As do most people, I have vivid memories of where  I watched TV – such as the sitting room in our house, smoky from my mother’s Salem cigarettes, looking at the  funny and racist Amos ‘n’ Andy – black and white TV indeed! – to my school’s common room watching JFK’s funeral, with the haunting dirge of The Navy Hymn,  to the  college fraternity house room where we saw our contemporaries get shot at in the Vietnam War, to The Wall Street Journal newsroom hearing/seeing Nixon resign, to,  in a Jerusalem hotel room, learning of Princess Diana’s death, and watching, in The Providence Journal’s commentary department, the collapse of the Twin Towers – an event so transfixing that I had to ask my staff after an hour to turn off the TV and go back to work.

 

Television has both mirrored and profoundly changed American culture.

 

Whether you watch a lot of TV or not, you can’t begin to understand America since World War II unless you study the damn thing.
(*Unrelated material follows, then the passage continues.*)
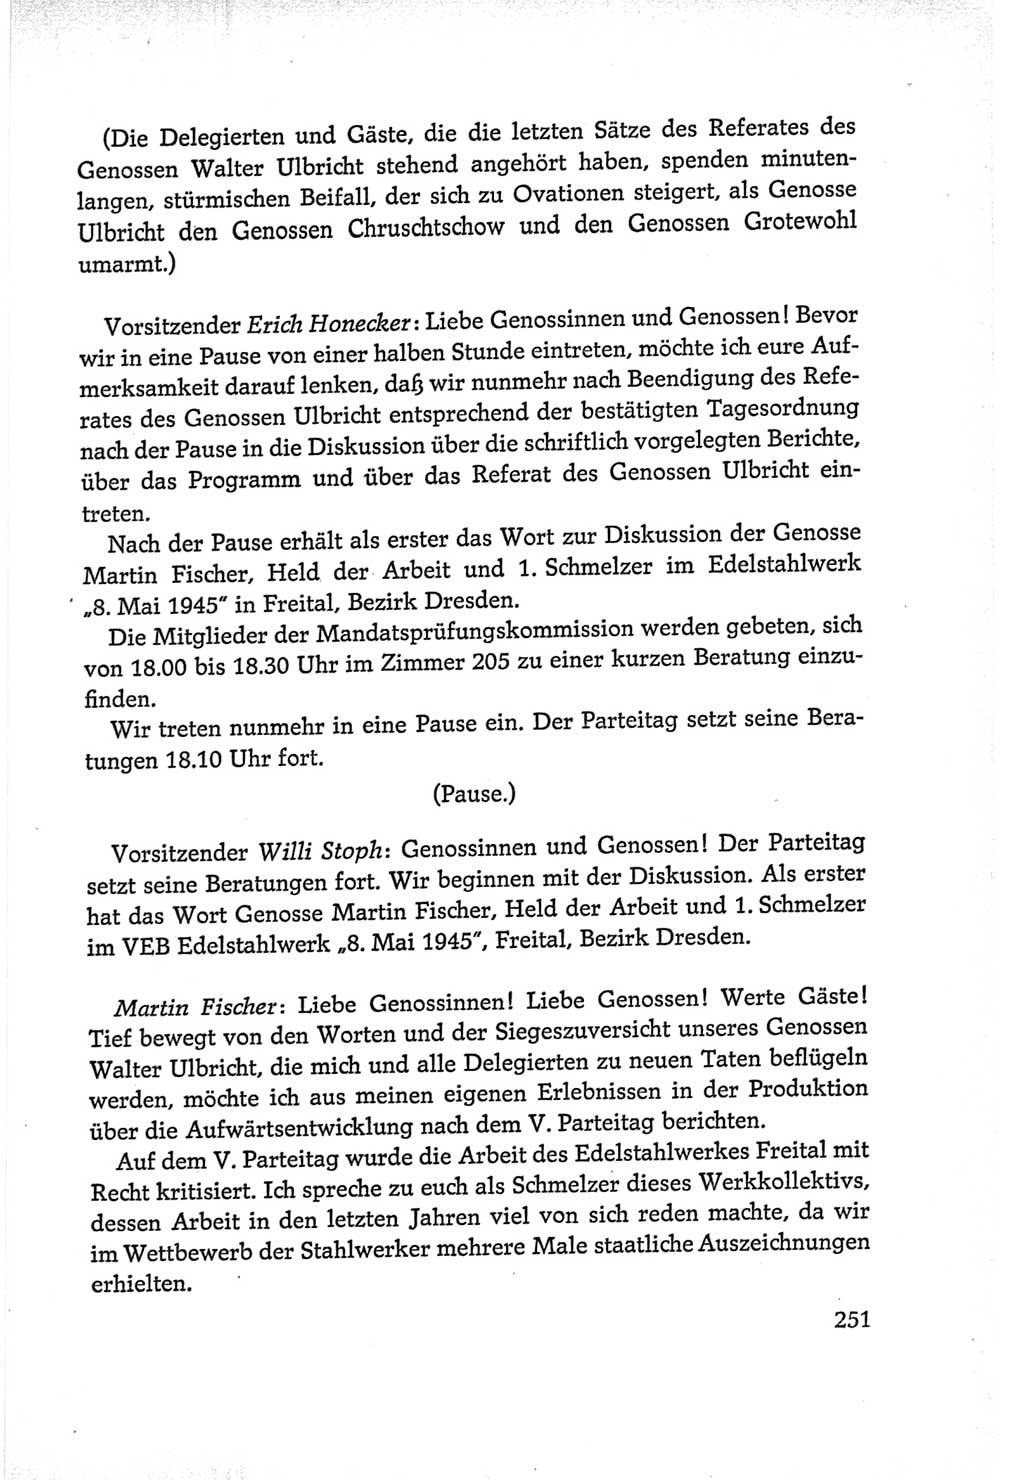 Protokoll der Verhandlungen des Ⅵ. Parteitages der Sozialistischen Einheitspartei Deutschlands (SED) [Deutsche Demokratische Republik (DDR)] 1963, Band Ⅰ, Seite 251 (Prot. Verh. Ⅵ. PT SED DDR 1963, Bd. Ⅰ, S. 251)

Of course, with screens in virtually every residence and public place these days, it’s almost impossible, unless you’re blind, to avoid watching TV these days.

 

From what used to be a sort of successor to the family hearth, it’s now in so many places that it recalls Big Brother, in Nineteen Eight-Four, blaring, most irritatingly, in most doctors’ waiting rooms.

 

Mr. Thomson warns, “we are not in charge” of our relations with TV because “technology is less our tool than something that makes tools of us,” to sell products and people, including politicians.  Consider our current, TV-created leader, whom Mr. Thomson calls “an inspired mercurial handler of TV’’ who goes “from The Apprentice to being the apprentice’s sorcerer in one blithe insult.’’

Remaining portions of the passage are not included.